How long has your family farmed?

Good heavens, let me think. As far back as I know, with some skips. My grandfather became an automotive dealer and sold farm equipment, but he had land. So my grandparents and parents didn’t farm, but they had land, and their grandparents and great-grandparents were farmers, all the way back to the old country.

Where do you sell your products?

Mostly locally — we do a local Saturday farmers market. The edible dry beans, we sell some locally and some to a Colorado-based company that has a station 30 miles down the road. What we don’t use of our hay and corn goes to neighbors, especially people who want non-GMO. We pretty much market the livestock locally, except the sheep — they go to a livestock market in North Dakota.

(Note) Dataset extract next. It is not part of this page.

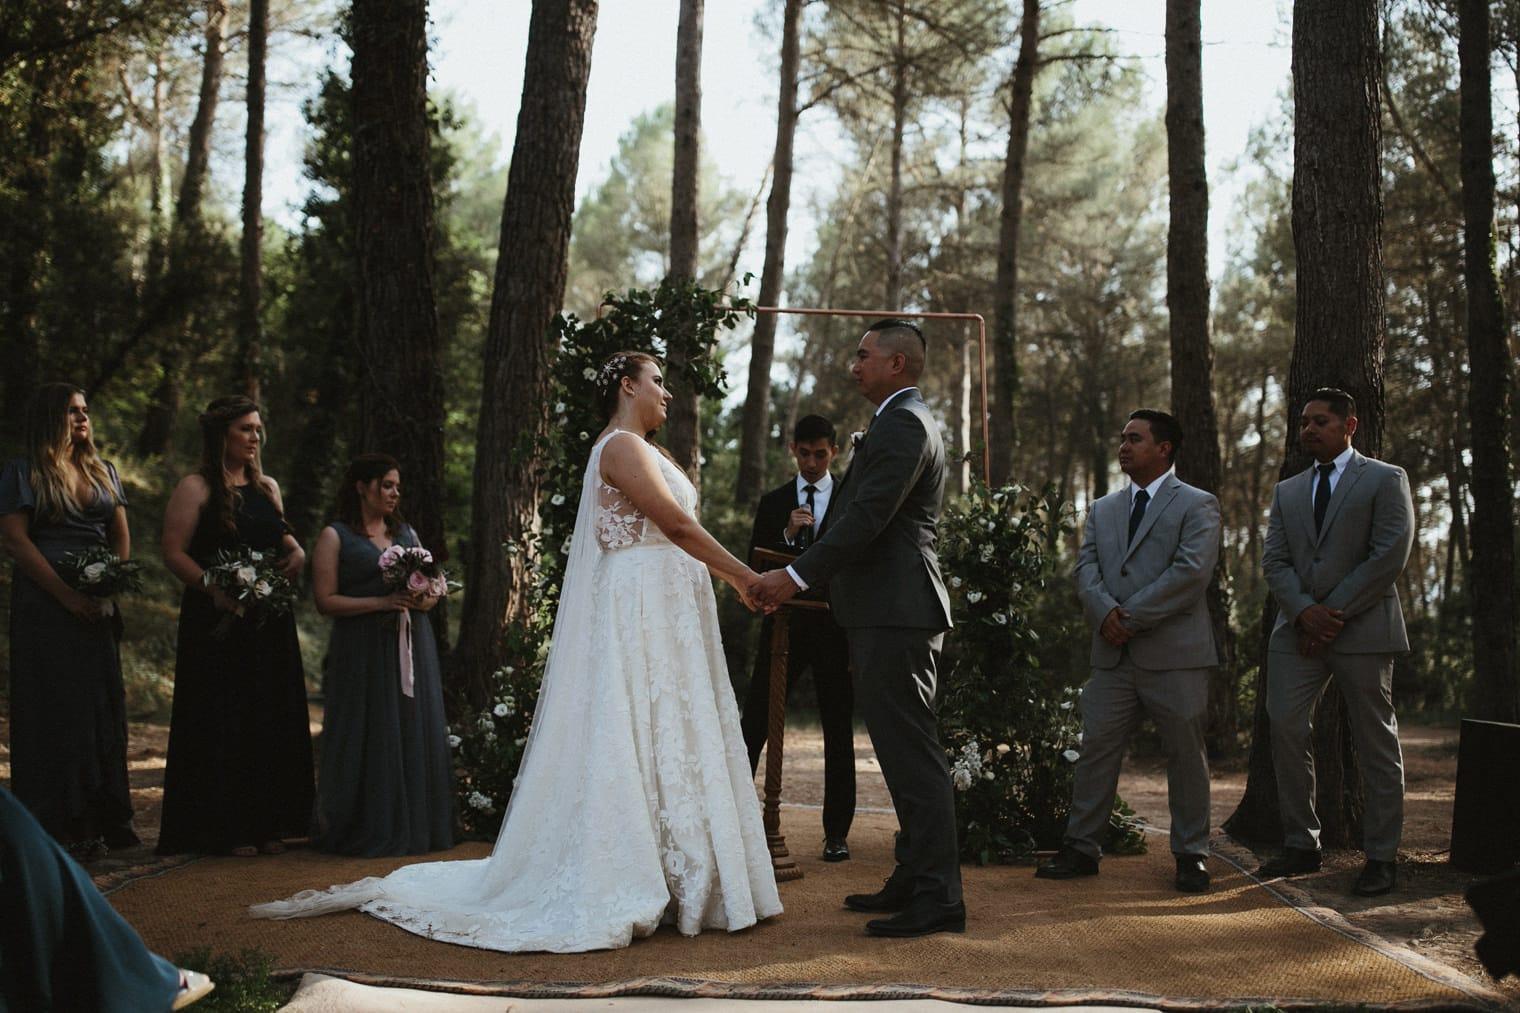 Outdoor forest ceremony in Spain at la garriga de castelladral

We slaughter the rest of the livestock ourselves for direct sale. Wheat and the other commodities are marketed to a grain elevator. It’s big corporate elevator now — used to be a coop, but no longer.

What are you doing on the farm this week?

Oh my. [overwhelmed sigh] Well, we hauled hay all day Sunday … today I’m making pickle relish and picking beans and cucumbers and watering my hoophouse, and working on fixing the baler — we had a major breakdown. In the midst of things, something always breaks down. And we’re expecting a house full of company later this afternoon. And we have a church group coming out for corn; they want something like 40 dozen ears of corn, so we’ll have to deal with that too.

What ‘s hard about farming?

Planning. When there’s no such thing as any idea of what the prices are going to be, it’s pretty tough to make any kind of economic plans. You don’t know if you’re going to be a price taker — that’s for our surplus commodities, like extra beans and wheat that go to the elevator. So, not knowing what your income is going to be.

And the weather in the last five years has been horrible. We still haven’t had any rain. North Dakota has had about three inches — they’re getting all of our rain, I guess. [I’ve seen a change just in the last few years]: the last major hailstorm we had had was in 1989, and then last year, three major hailstorms in five weeks. Before that, it was the “untornado” and before that was 100-mile-an-hour winds that ripped off roofs and smashed windows and put two trees through the roof … and a few years before that, it was another high wind out of the south that took roofs off the barns again. That just never happened until recently. As well as the changes in rainfall.

So the last few years, we haven’t had crops, and not much for gardens — just a bit that recovered, but it takes a lot to recover from that kind of storms. For three years, we didn’t market any sweet corn, because it was destroyed by the hail, the untornado and high winds, so this year we’re being deluged by people wanting corn.

It’s hard not to know if you’re going to make enough of a living that your kids would want to take over. One of our kids desperately wants to come back, but his wife doesn’t. That’s been really hard for us. We have no idea what’s going to happen with the farm, like most of our neighbors. There are a couple of families that are lucky enough to have their children stay; we aren’t one of them. My seven-year-old grandson says, “Grandma, you take care of my farm; I’m coming!” But am I going to last twenty more years until he’s ready? I don’t know.

What do you love about farming?

Being able to take care of the land and make it healthier. Seeing what it produces. Having the kids be so in love with the place that when we pick them up at the airport, they say, “no, don’t stop for dinner, we want to get home to the farm right now.” We get home and they were immediately out in the barn to see all the animals and play in the garden…it’s like their own little Garden of Eden.

What do you wish people knew about what it takes to grow the food they eat?

I think they should come and have a turn. We hear people say, “oh, it must be so wonderful to be able to watch the sun rise and set …” like you’re doing nothing in between. I think people don’t understand the uncertainty of farming, and that if you didn’t love it, you wouldn’t be doing it. But sometimes it gets a little harder to love.

This interview has been edited for length and clarity.